Taura Kojiro, De Minicis Samuele, Seki Ekihiro, Hatano Etsuro, Iwaisako Keiko, Osterreicher Christoph H, Kodama Yuzo, Miura Kouichi, Ikai Iwao, Uemoto Shinji, Brenner David A
Department of Medicine, School of Medicine, University of California, San Diego, California, USA.
Gastroenterology. 2008 Nov;135(5):1729-38. doi: 10.1053/j.gastro.2008.07.065. Epub 2008 Aug 3.
BACKGROUND & AIMS: Although angiogenesis is closely associated with liver fibrosis, the angiogenic factors involved in liver fibrosis are not well characterized. Angiopoietin 1 is an angiogenic cytokine indispensable for vascular development and remodeling. It functions as an agonist for the receptor tyrosine kinase with immunoglobulin G-like and endothelial growth factor-like domains 2 (Tie2) and counteracts apoptosis, promotes vascular sprouting or branching, and stabilizes vessels.
Liver samples from patients with liver fibrosis were evaluated for mRNA expression of angiogenic cytokines. Liver fibrosis was induced in BALB/c mice by either carbon tetrachloride (CCl(4)) or bile duct ligation (BDL). Hepatic stellate cells (HSCs) were isolated from BALB/c mice. We used an adenovirus expressing the extracellular domain of Tie2 (AdsTie2) to block angiopoietin signaling in mice and evaluated its effect on liver fibrosis.

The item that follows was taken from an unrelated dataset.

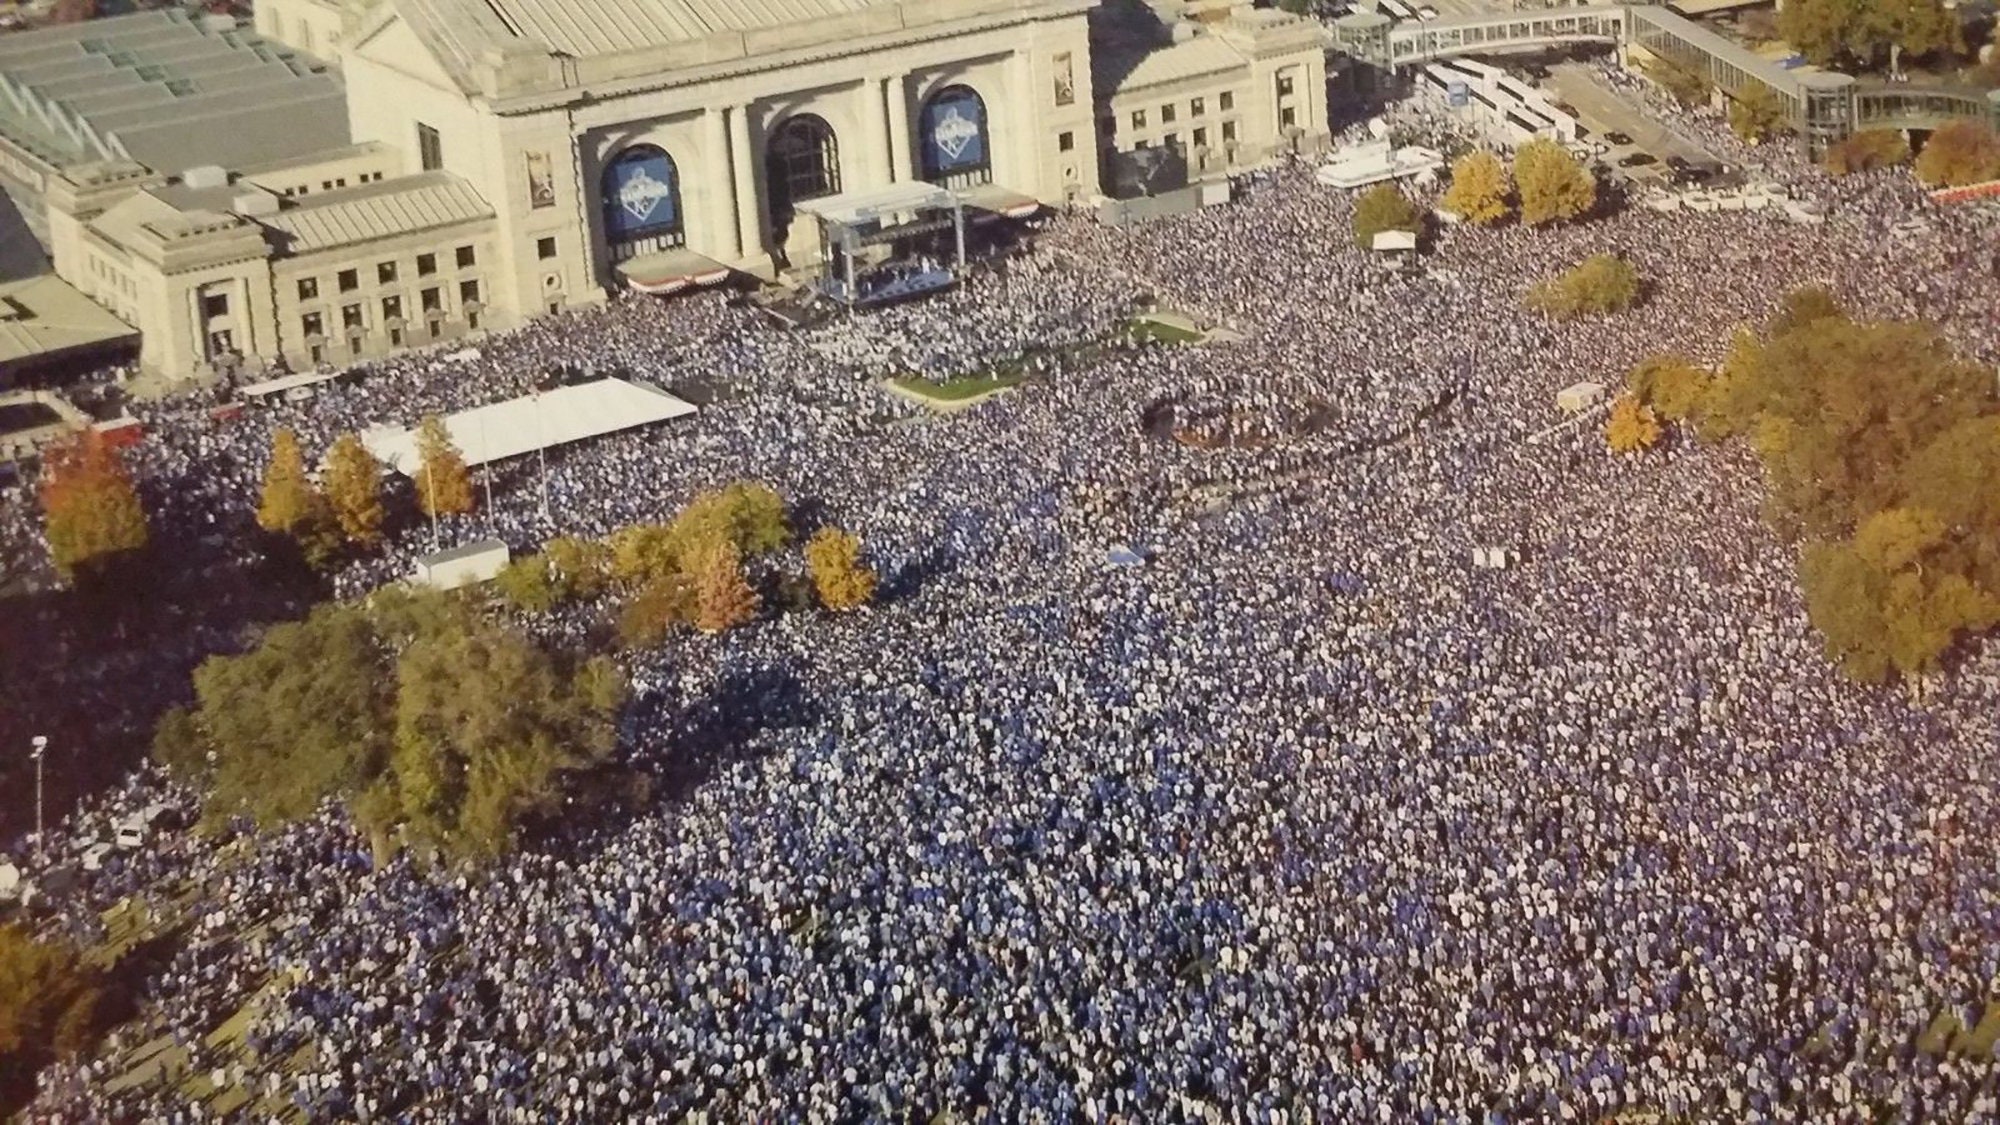 Kansas City Royals World Series Victory Parade Poster Rally

mRNA expression level of angiopoietin 1 was increased in human fibrotic livers and correlated with the expression level of CD31, an endothelial cell marker. During experimental models of murine liver fibrosis, angiopoietin 1 was expressed by activated HSCs. In primary cultures, activated HSCs express and secrete angiopoietin 1 more abundantly than quiescent HSCs, and the inflammatory cytokine tumor necrosis factor-alpha stimulates its expression in an nuclear factor-kappaB-dependent manner. AdsTie2 inhibits angiogenesis and liver fibrosis induced by either CCl(4) or BDL.
These results reveal an angiogenic role of HSCs mediated by angiopoietin 1, which contributes to development of liver fibrosis. Thus, angiogenesis and hepatic fibrosis are mutually stimulatory, such that fibrosis requires angiogenesis and angiogenesis requires angiopoietin 1 from activated HSCs.
尽管血管生成与肝纤维化密切相关,但参与肝纤维化的血管生成因子尚未完全明确。血管生成素1是一种血管生成细胞因子,对血管发育和重塑必不可少。它作为具有免疫球蛋白G样和内皮生长因子样结构域2(Tie2)的受体酪氨酸激酶的激动剂,可抵抗细胞凋亡、促进血管芽生或分支并稳定血管。
对肝纤维化患者的肝脏样本进行血管生成细胞因子mRNA表达评估。通过四氯化碳(CCl₄)或胆管结扎(BDL)诱导BALB/c小鼠发生肝纤维化。从BALB/c小鼠中分离肝星状细胞(HSCs)。我们使用表达Tie2细胞外结构域的腺病毒(AdsTie2)来阻断小鼠体内的血管生成素信号,并评估其对肝纤维化的影响。
血管生成素1在人类纤维化肝脏中的mRNA表达水平升高,且与内皮细胞标志物CD31的表达水平相关。在小鼠肝纤维化实验模型中,血管生成素1由活化的HSCs表达。在原代培养中,活化的HSCs比静止的HSCs更大量地表达和分泌血管生成素1,炎性细胞因子肿瘤坏死因子-α以核因子-κB依赖的方式刺激其表达。AdsTie2可抑制由CCl₄或BDL诱导的血管生成和肝纤维化。
这些结果揭示了由血管生成素1介导的HSCs的血管生成作用,这有助于肝纤维化的发展。因此,血管生成和肝纤维化相互促进,即纤维化需要血管生成,而血管生成需要活化的HSCs产生的血管生成素1。